DC police chief stunned by ‘unwillingness’ to deploy Guard during January 6 attack

The head of the Washington, DC, Metropolitan Police Department (MPD) told senators on Tuesday that there was initially a “reluctance” to send the National Guard to the U.S. Capitol during the January 6 riot – a resistance that “surprised” and “stunned”, given the seriousness of the violent attack.

Acting Chief Robert Contee testified before several Senate committees that on January 6 at 14:22 – more than an hour after his powers were called to the Capitol – he was part of an emergency call that leaders of the Capitol police, the national guard and the department of the army.

“I was amazed at the reluctance to send the national guard immediately to the Capitol site,” Contee told senators in the Committees on Rules and Homeland Security.

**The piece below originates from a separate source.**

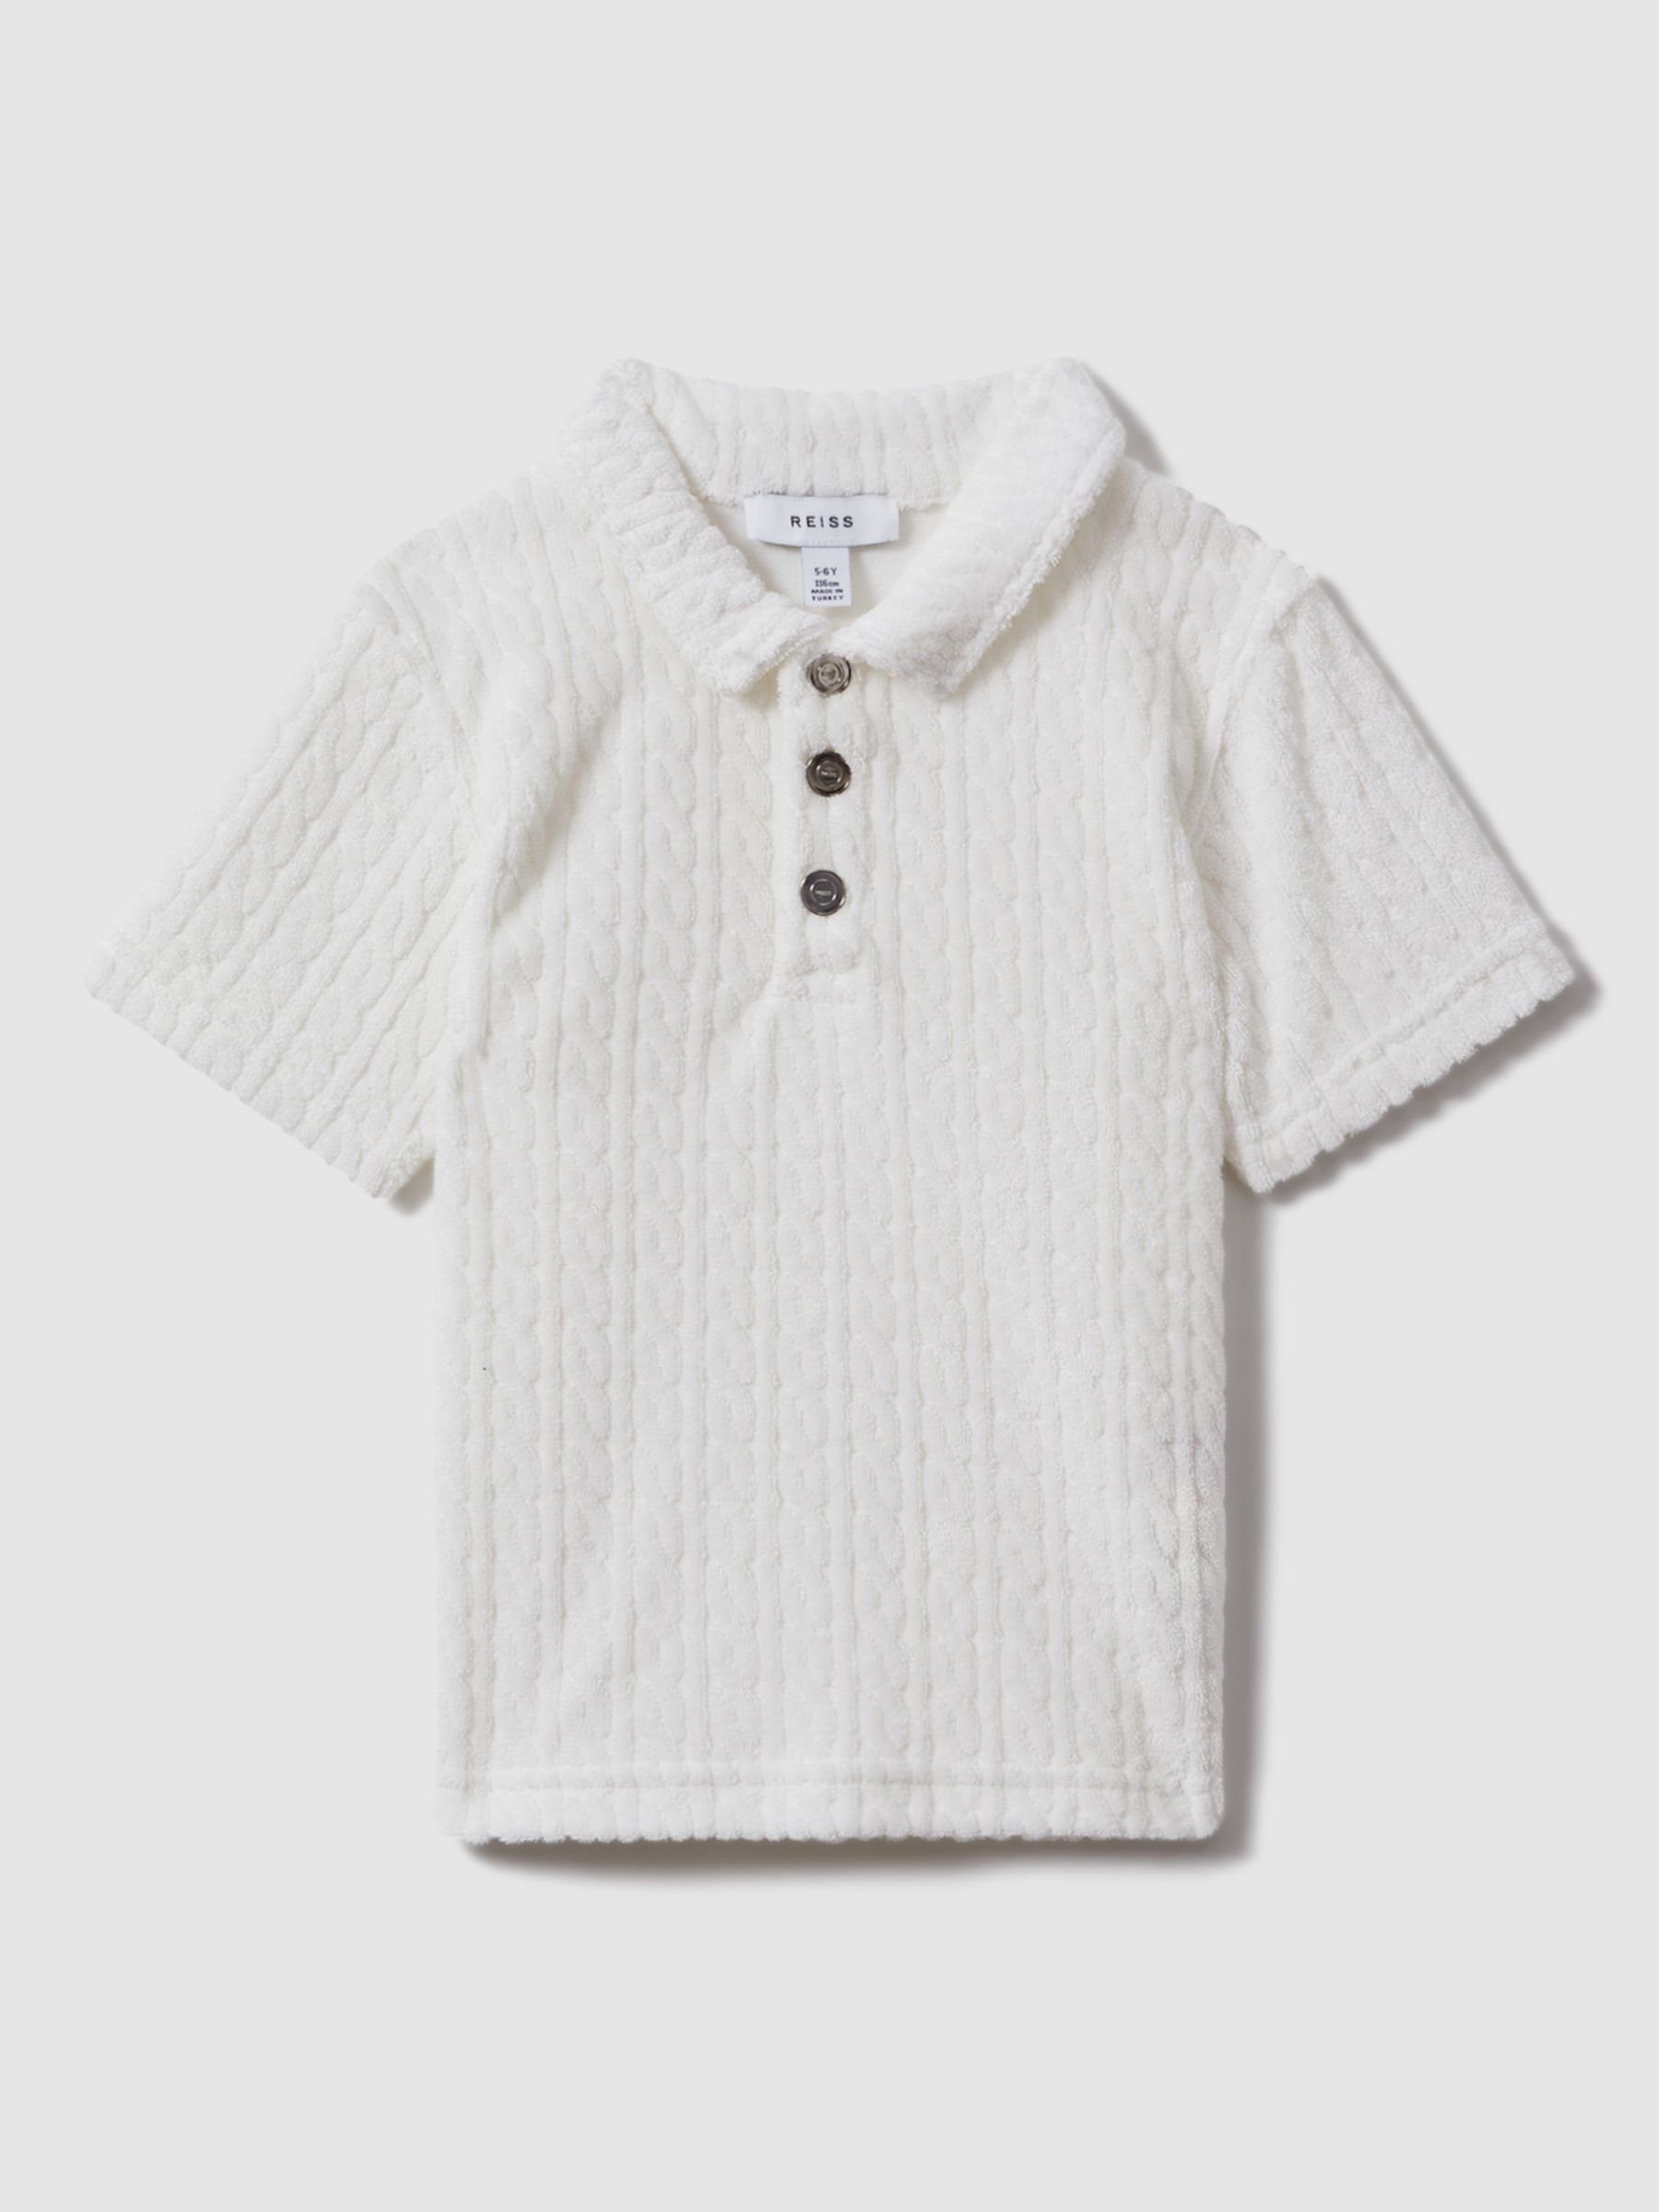 Reiss Kids' Iggy Press Stud Velour Polo Shirt, White, 3-4 years

Nearly an hour would pass before the Pentagon would approve the deployment of more guard troops to defuse the violent crowd, and those troops would arrive at the Capitol only at 5:40 p.m. – more than four hours after Steven Sund, then head of the Capitol Police, requested the federal reinforcement.

That long delay has become a central focus of Congress’s inquiry into the deadly assault, an inquiry that began in public with the Senate hearing on Tuesday.

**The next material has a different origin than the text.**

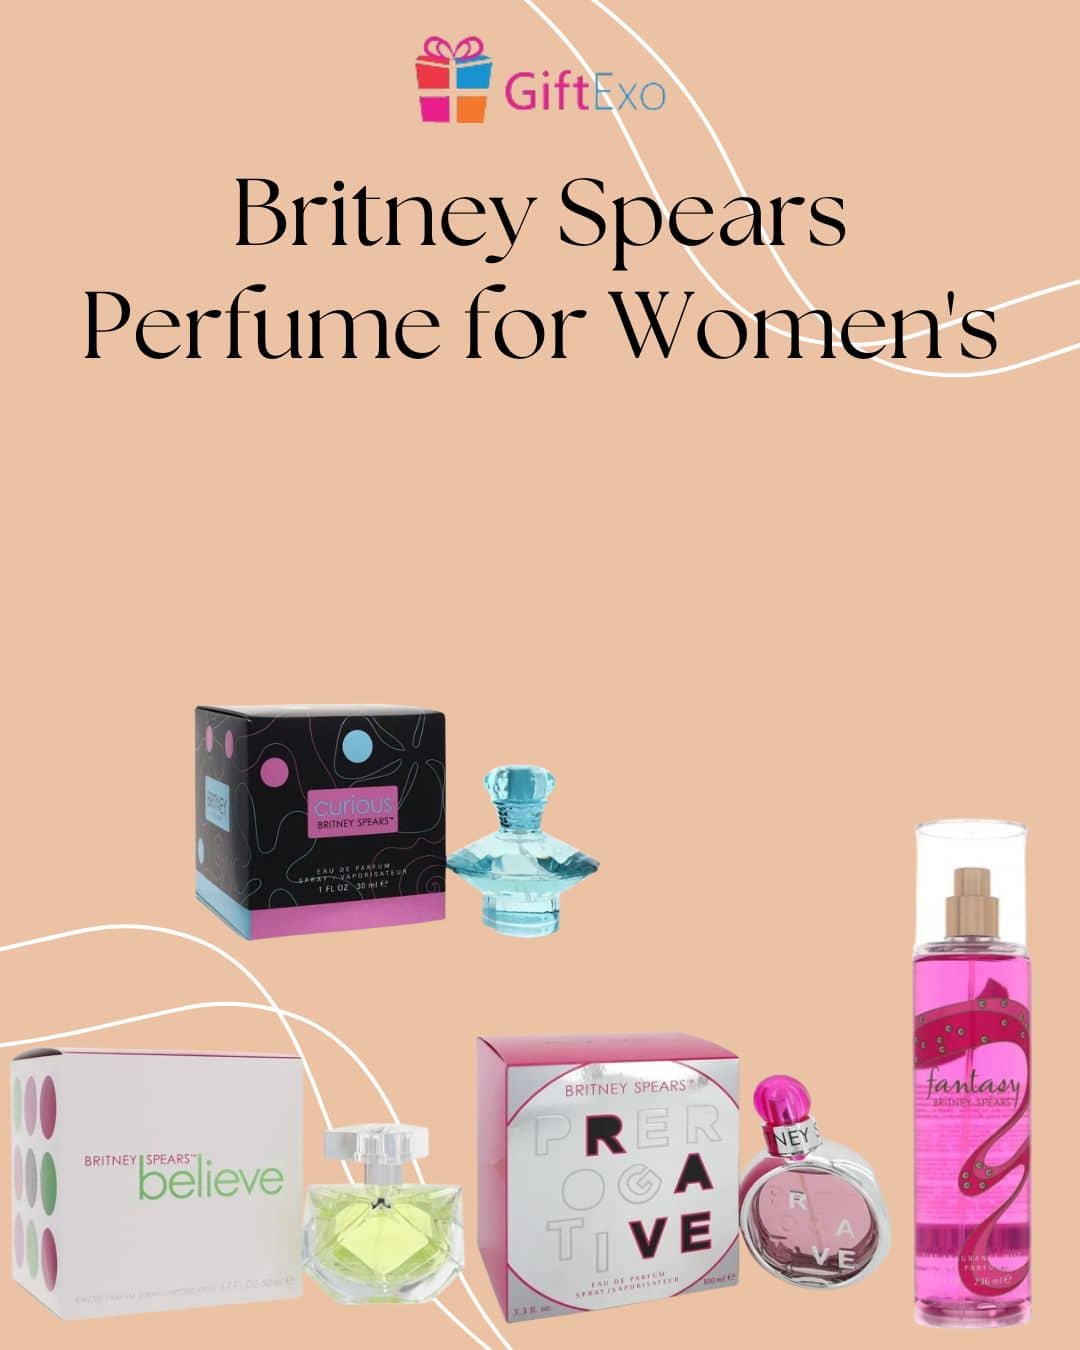 Britney Spears Perfume for Women's

Contee said his office at 14:30, within minutes of the emergency call with the Pentagon, asked for help from police departments as far away as New Jersey.

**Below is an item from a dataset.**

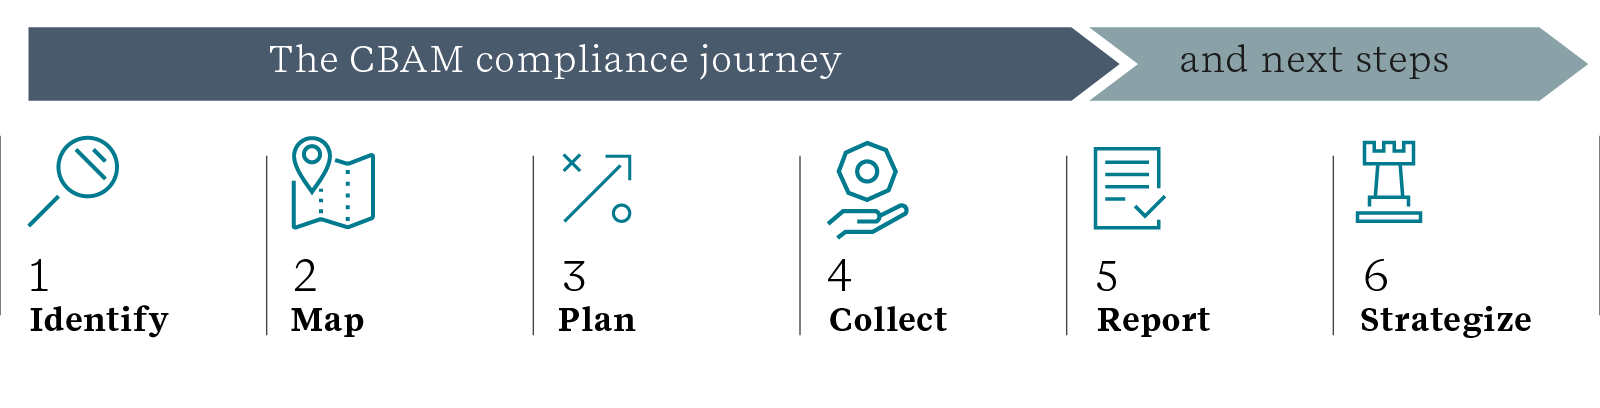 CBAM compliance journey

“From that time on, it took another 3 1/2 hours until all rioters were removed from the Capitol,” Contee said.

Other witnesses testifying before the Senate include Sund, former arms sergeant Paul Irving and former senate sergeant Michael Stenger, all of whom were in charge on January 6 but have since resigned.

Contee told lawmakers there is intelligence suggesting protests in support of former president President TrumpDonald TrumpFauci: US political divisions over masks lead to half a million COVID-19 deaths, Georgia’s bishop says the GOP state election bill is an ‘attempt to suppress the black vote’ Trump closer to legal danger after court ruling on tax returns MORE on Jan. 6 could include “violent action in the streets” of Washington – and that could include armed protesters. But there were no signs of a violent uprising of the Capitol building.

“The district did not have any information indicating a coordinated assault on the Capitol,” he said in a prepared statement.

Contee said there were 300 unarmed members of the DC National Guard who initially deployed on the day of the attack, but only to provide traffic control and other non-interventional services. He noted that because Washington is not a state, only the president, and not DC officials, have the power to deploy the guard.

Contee emphasizes other limitations of the authority of the DC Police Force, including the fact that it has no jurisdiction to patrol or arrest in the Capitol without an express request from the Capitol Police. The request, Contee testified, came from Sund just before 1pm on January 6 and MPD arrived on the scene within minutes.

More than 1,100 district police officers would eventually respond to the attack, Contee said, and 65 of them were injured. A 66th would take his own life a few days later.

“These resources were scarce enough to counter an event that had never happened in the history of the United States,” he said. “A crowd of thousands of American citizens launching a violent attack on the American Capitol … in an attempt to stop the counting of ballot papers.”